Looking back, I can state my current opinion of the show pretty quickly: great spacecraft design, cool VFX for the time period, bad scripts, good actors trying to hold it all together as best they could in spite of the scripts.

Fair assessment or not?

Date: 2008-02-05 07:09 pm (UTC)
From: [identity profile] mommimus-prime.livejournal.com
Yeah, I'd say that's fair. I really remember watching the first episode and being blown away and then dying a little inside as the show played out. And I was just thinking of the show yesterday when the public radio classics show played Holst's Mars because of one episode that used that piece while sending founts of bubbles through the set. It has been seared into my brain.

Date: 2008-02-05 10:44 pm (UTC)
From: (Anonymous)
"Space Brain", I'm guessing?

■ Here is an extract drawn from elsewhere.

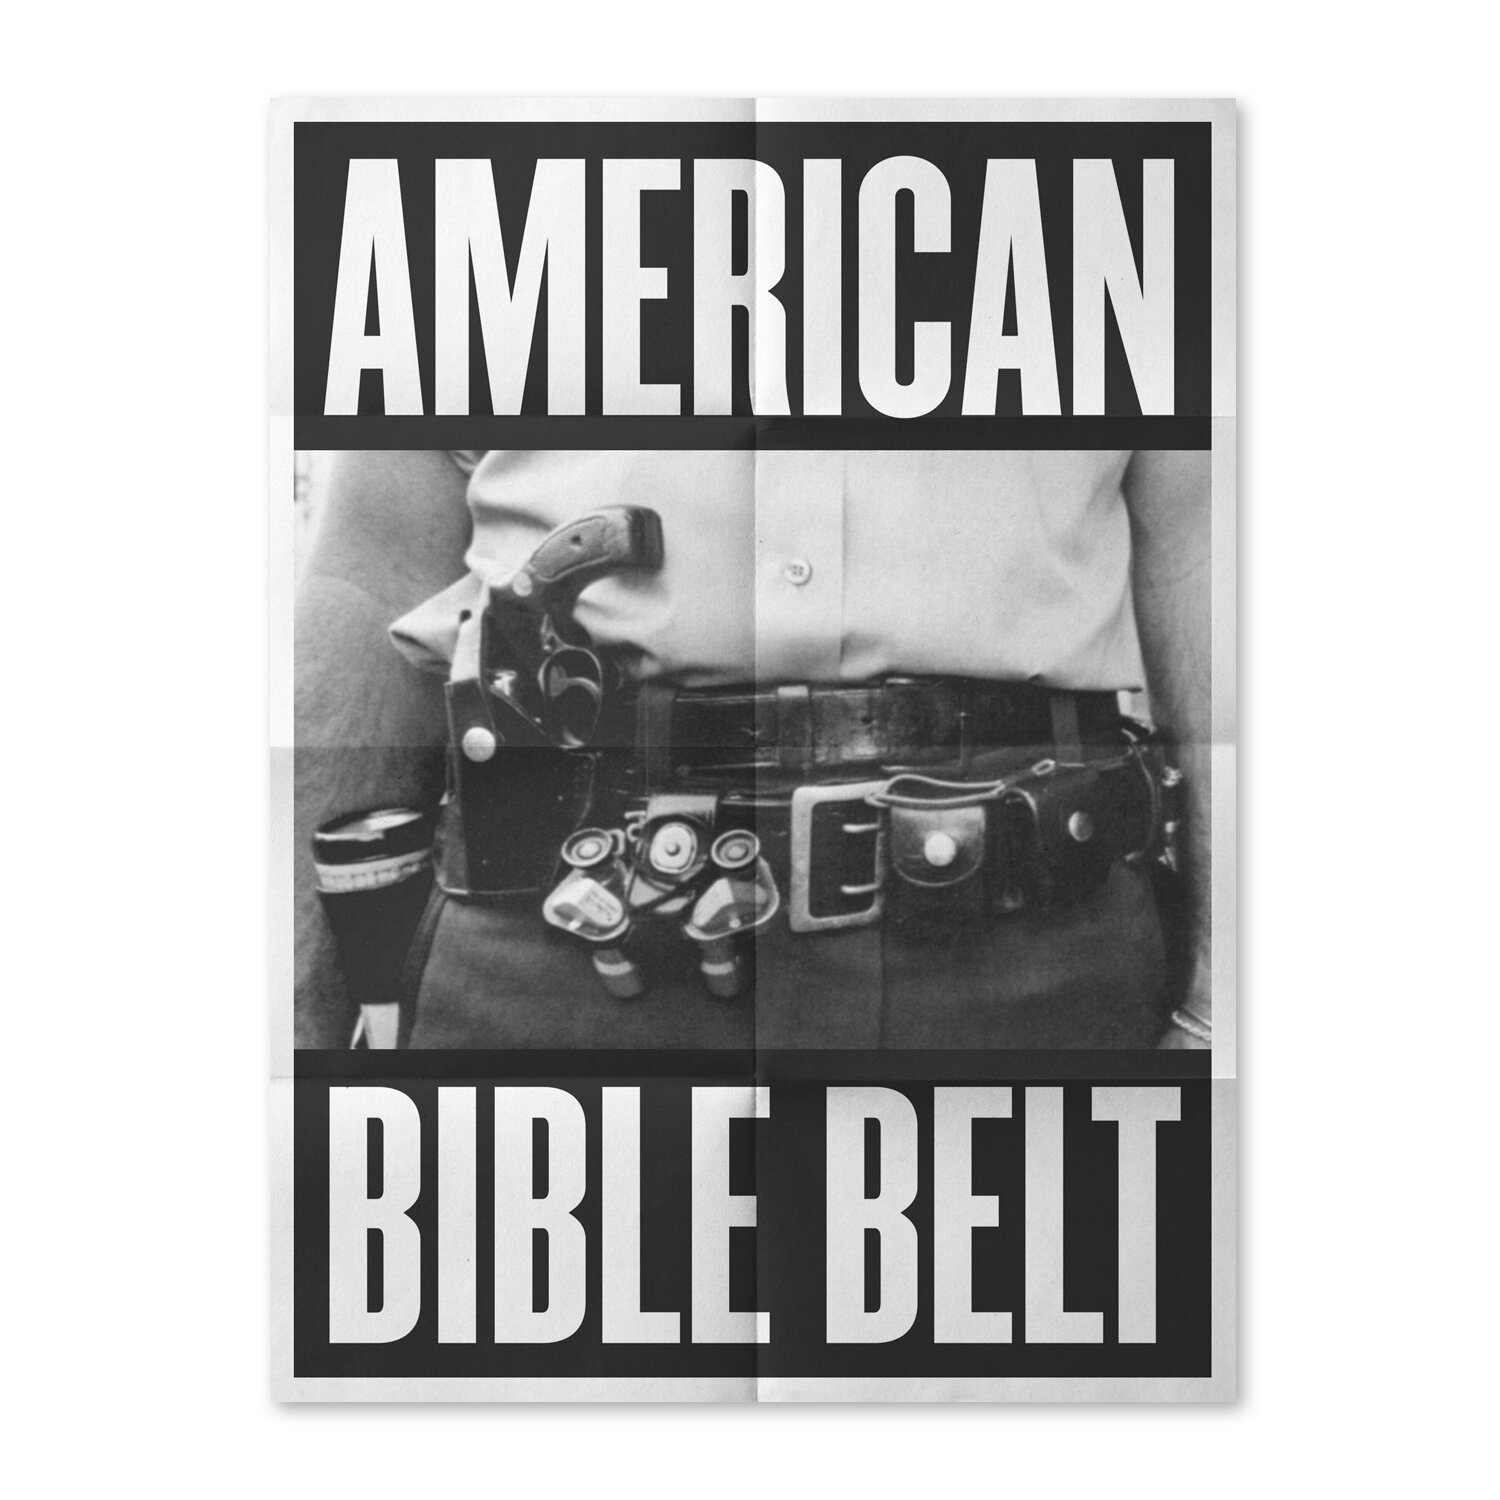 American_bible_belt_1.jpg
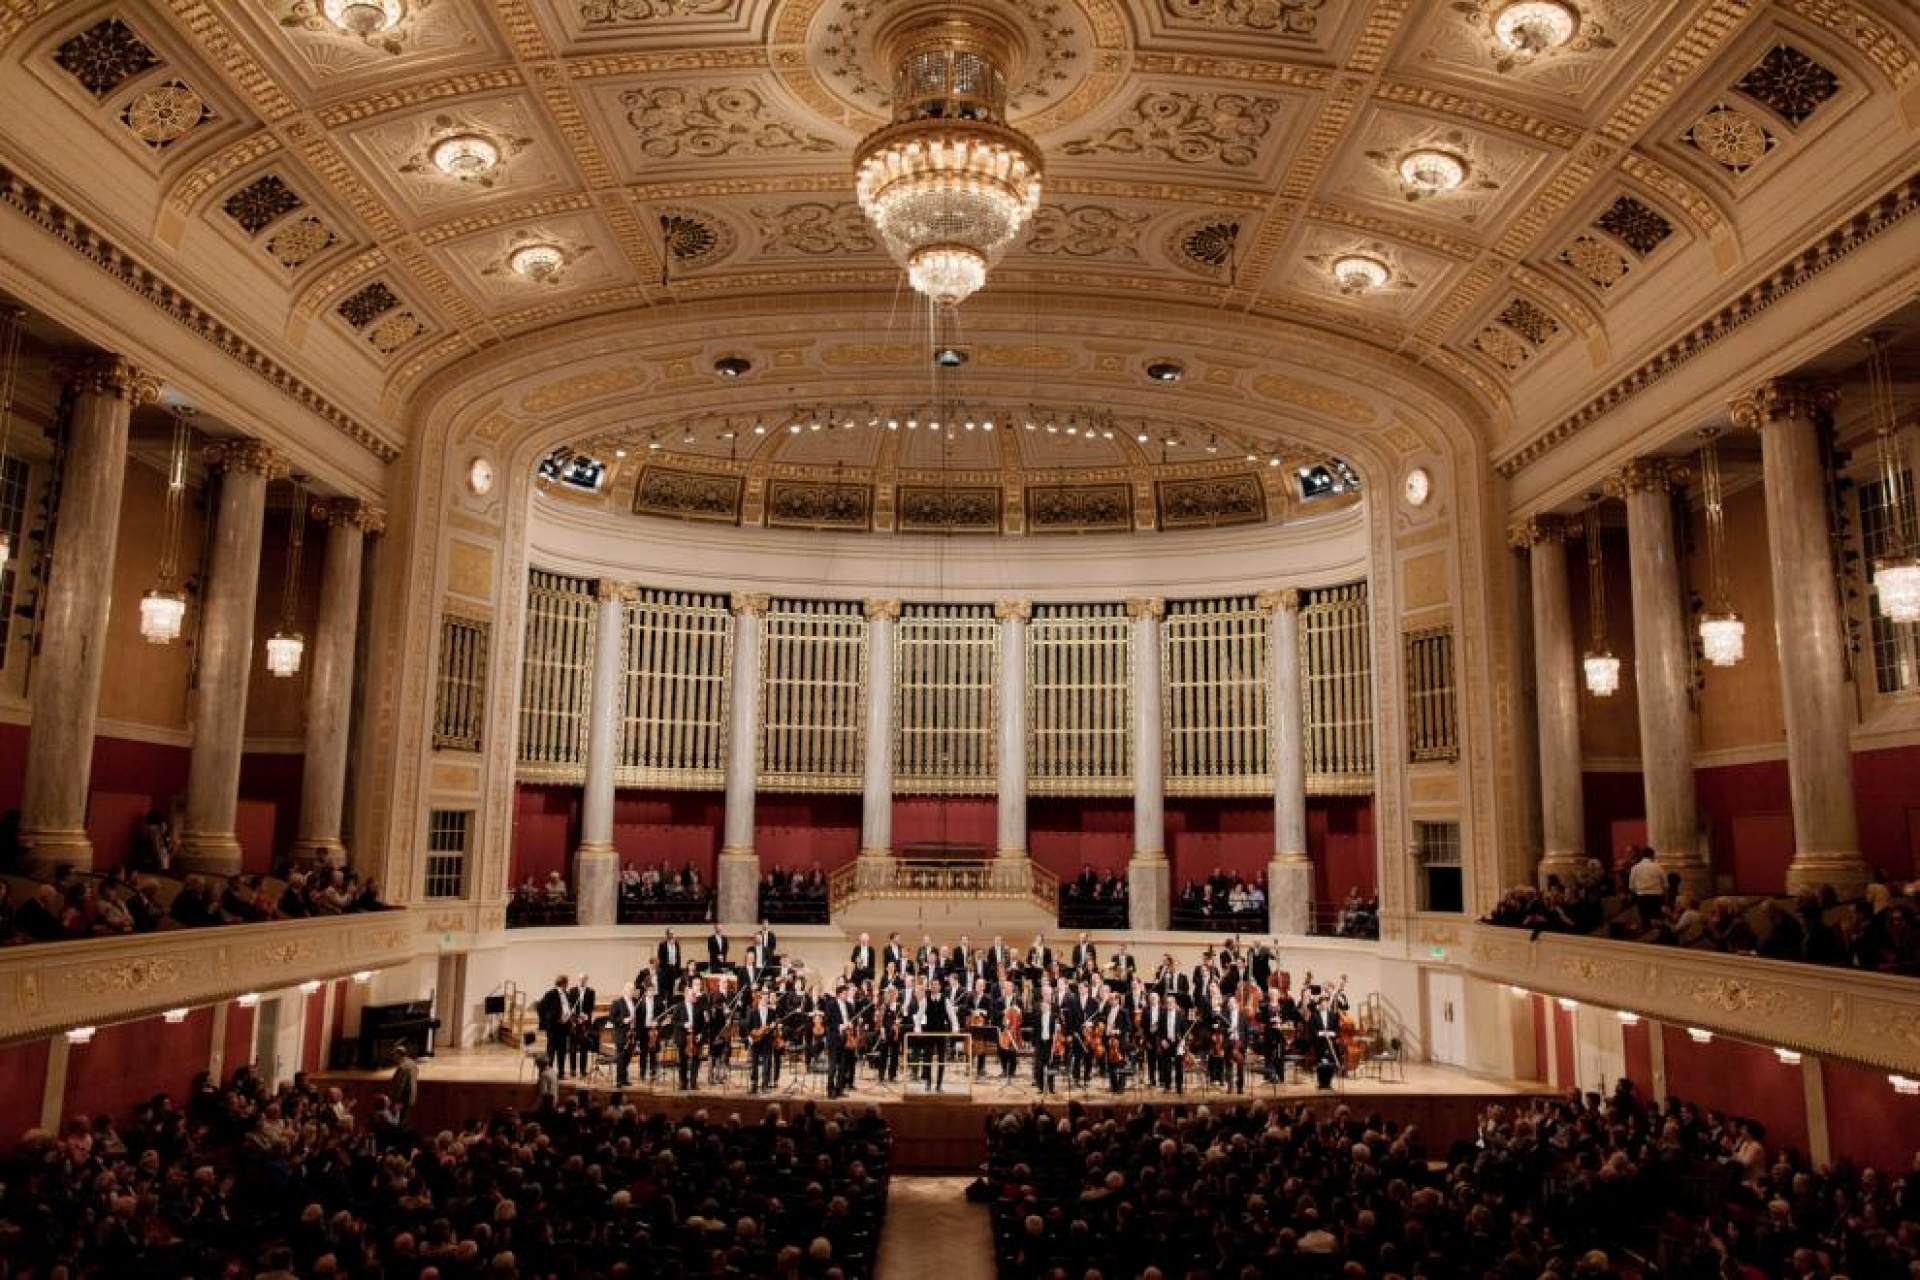 Orchestre de chambre de Vienne

Sounds like how the episode wrapped up in terms of visuals to me.

You can tell that I really bought into it: I have the Moonbase Alpha Technical Notebook, tattered relic that it is nowadays.`

Date: 2008-02-05 11:51 pm (UTC)
From: [identity profile] mommimus-prime.livejournal.com
That would be the one.

Date: 2008-02-05 07:27 pm (UTC)
From: [identity profile] jackolantern.livejournal.com
That sounds about right. I always thought that the premise was absurd (moon gets blasted out of orbit after nuclear waste blows up on the dark side), but otherwise the show, or the few episodes that I saw of it, anyway, was pretty decent. (Fun fact: Martin Landau was offered the role of Spock before Leonard Nimoy, but turned it down.)

Date: 2008-02-06 02:15 pm (UTC)
From: [identity profile] dewline.livejournal.com
Yeah, the idea that the moon would survive a good-sized chunk of it being converted into a fusion motor - if I understood what little physics there were correctly - seems absurd on the face of it.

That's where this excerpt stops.